Mit meiner LS8, einem Segelflugzeug mit 15 Metern Spannweite, gehe ich in der Standardklasse an den Start und gewann noch zwei WM-Silbermedaillen, eine 2013 im französischen Issoudun (im deutschen Team standen wir zu dritt auf dem Treppchen), die andere 2017 in Zbraslavice (Tschechien). Hier musste ich nur die Französin Aude Grangeray vorbeiziehen lassen.
Wer wettbewerbsmäßig Segelfliegen will, sollte schon in guter körperlicher Verfassung sein. Eine sinnvolle Voraussetzung wäre, neben einer hohen Konzentrationsfähigkeit, dass man in der Lage ist, acht oder mehr Stunden relativ bewegungslos im Cockpit zu sitzen. Man kann ja schlecht während des Fluges herumlaufen, wie es etwa in einem Verkehrsflugzeug möglich ist. Möglichst viel fliegen ist das beste Training, am besten große Strecken, so 750 Kilometer oder mehr im Dreieck. Im Laufe der Jahre bekommt man auch viel Erfahrung als Wetterkundlerin. Wo findet man die beste Thermik? Die ist zum Beispiel über dem Schwarzwald schon morgens zu finden, aber im Osten dafür langlebiger. Da hilft man sich gegenseitig auch, gibt gute Thermikzonen durch. Klappt es dann nicht so gut, sollte man immer schon geeignete Flächen für eine Außenlandung ins Auge fassen.
Neben dem Fliegen habe ich noch zwei weitere Hobbies: Skifahren und Wandern. Das passt ganz gut, denn von März bis in den Herbst wird alles dem Fliegen untergeordnet, das dann im Winter bei mir Pause hat. Um fit zu bleiben, gehe ich joggen und im Winter bei der TSV Oberensingen einmal in der Woche zur Ski-Gymnastik. Mein Mann fliegt ebenfalls (beim FSV Nürtingen), auch unser Sohn Adrian, unsere Tochter Ronja hat damit weniger am Hut.

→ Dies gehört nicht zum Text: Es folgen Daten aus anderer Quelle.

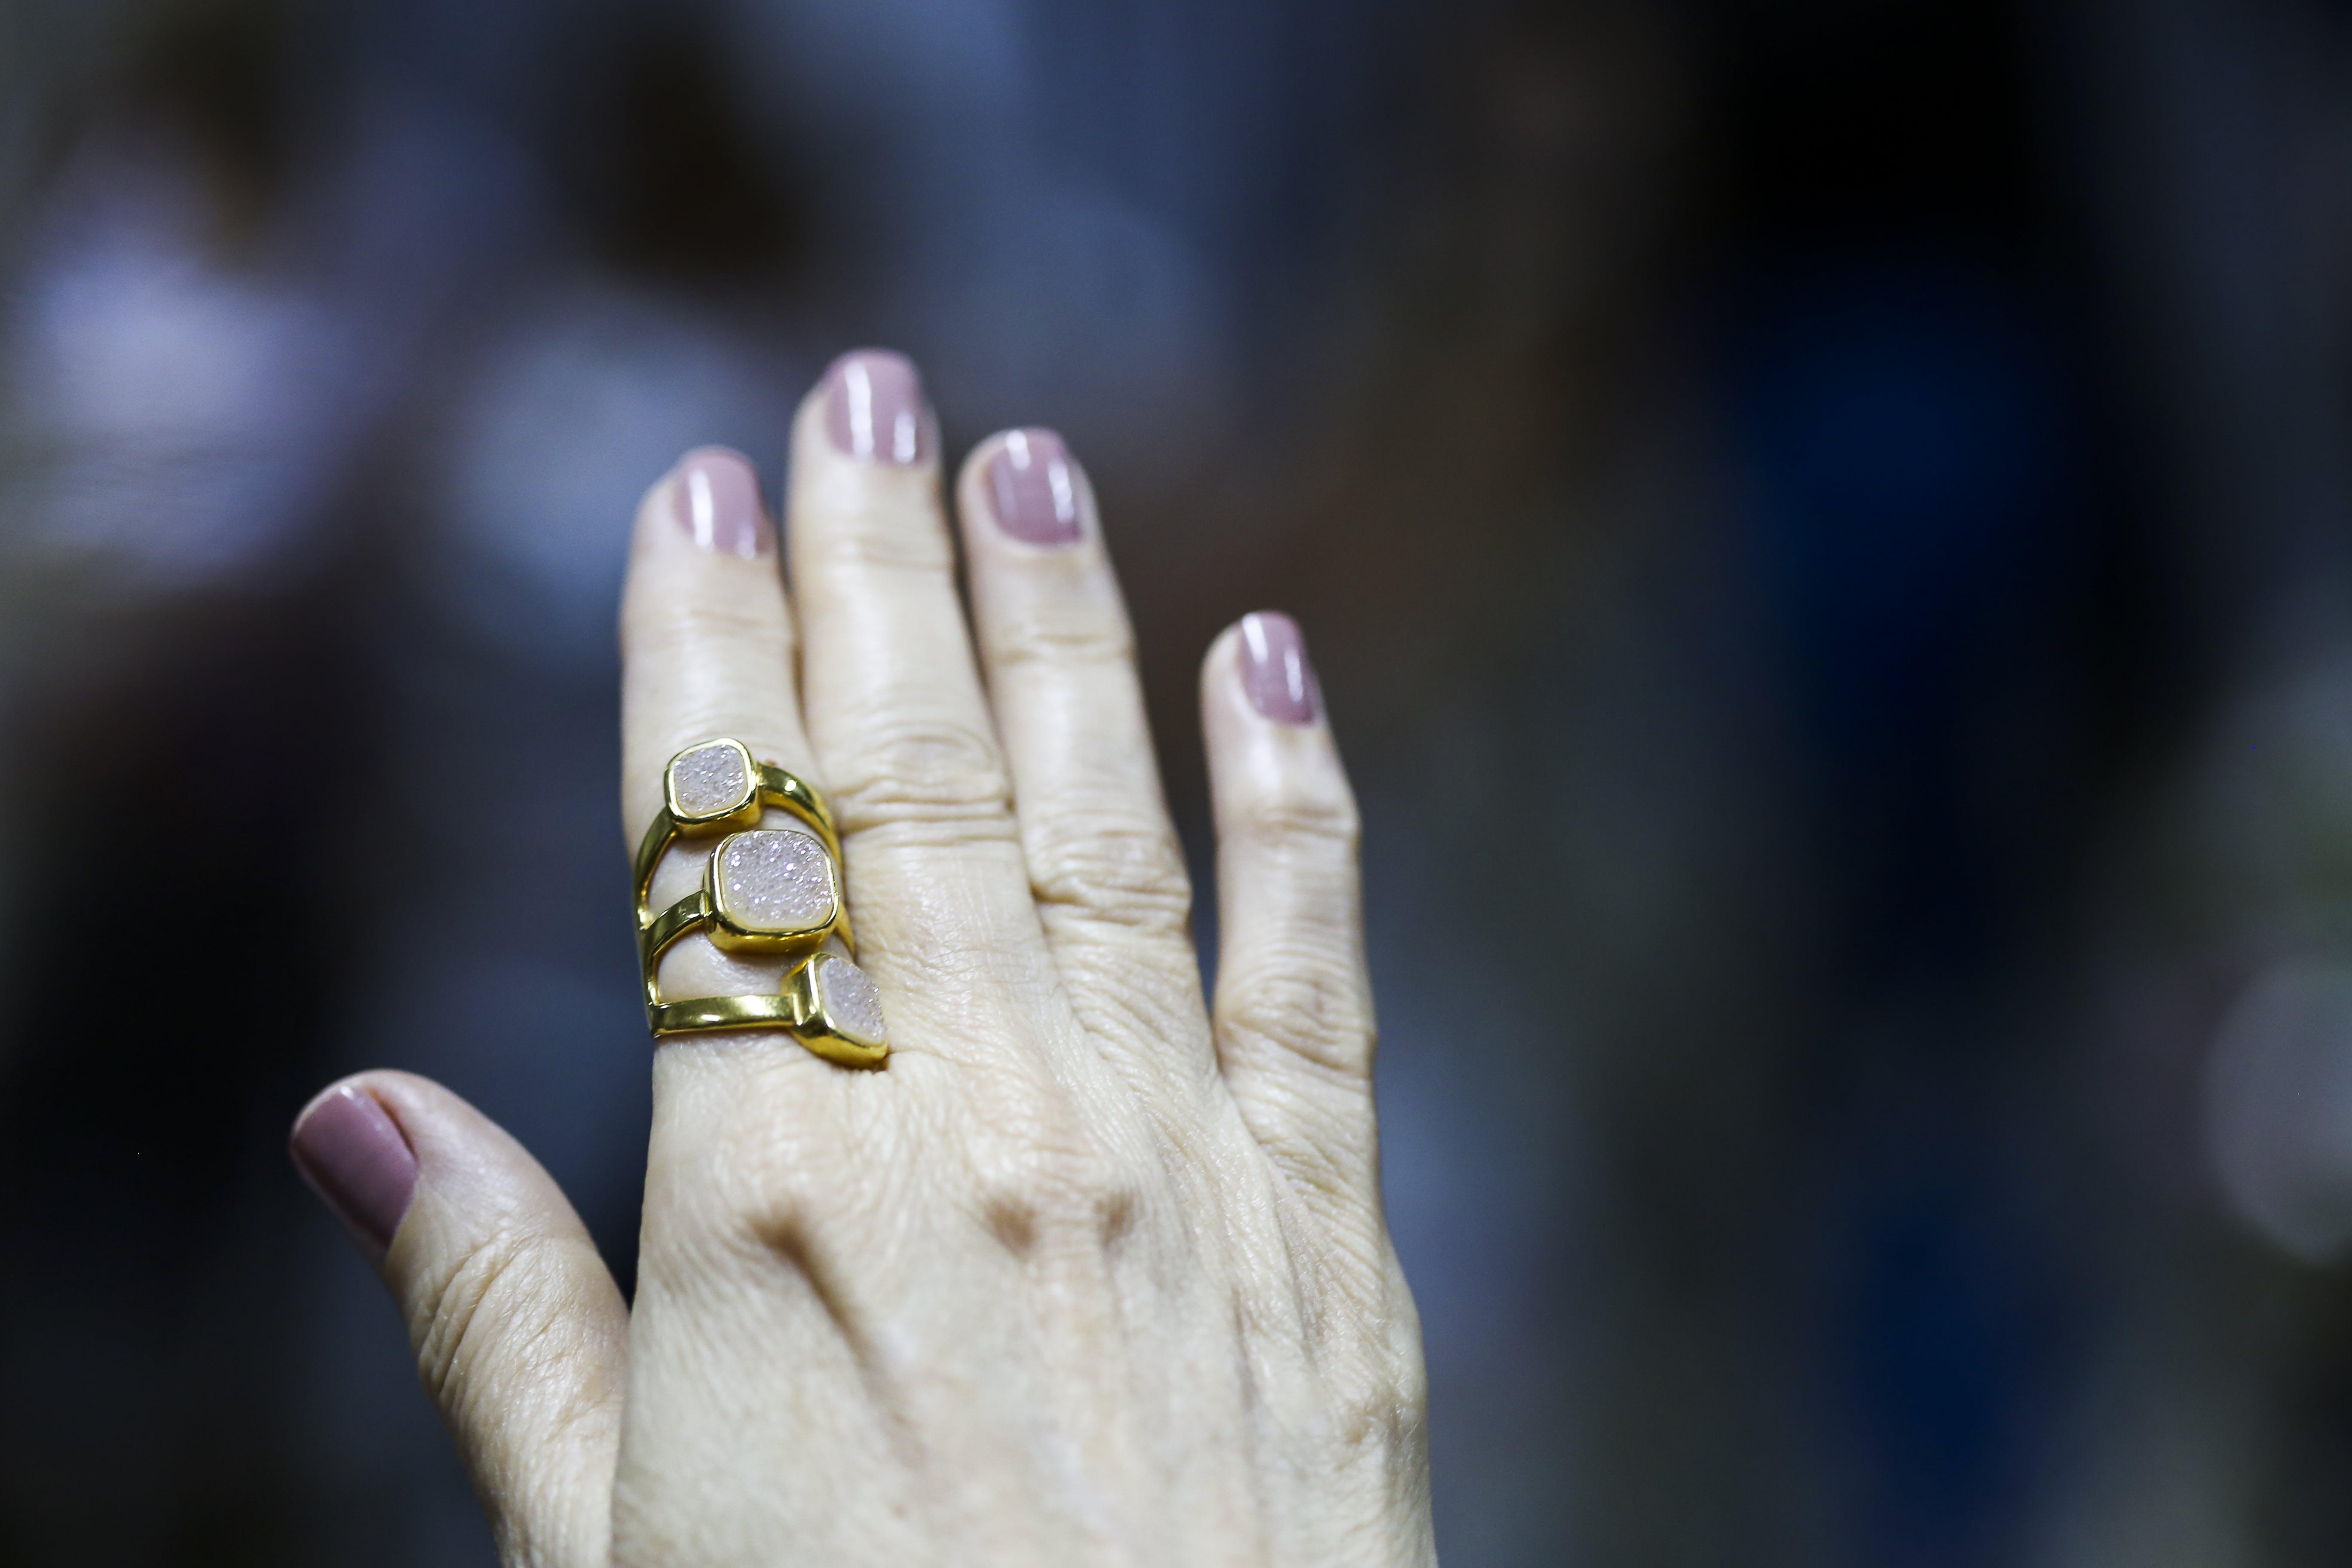 Free stock photo of praise hand

Mein Verein, der SCS, wurde 1950 gegründet und hat etwa 70 Mitglieder, unser Heimatflugplatz ist die Hahnweide. Dort sind unsere Flugzeuge – fünf Hochleistungs-Segelflugzeuge, ein Oldtimersegelflugzeug und ein Motorsegler – und eine Seilschleppwinde untergebracht. Seit 2010 bin ich Schatzmeisterin des Vereins. Außerdem bilde ich als Fluglehrerin junge Segelfliegerinnen und Segelflieger aus. Vielleicht kann ich ja das Virus des Überlandfliegens und des Wettbewerbsfliegens an den einen oder die andere weiterzugeben.
Cornelia Schaich wohnt in Nürtingen und startet für den Sportflieger-Club Stuttgart in der Standardklasse. Sie gehört der deutschen Nationalmannschaft im Segelfliegen an und wurde 2003 in Jihlava (Iglau) in Tschechien Weltmeisterin.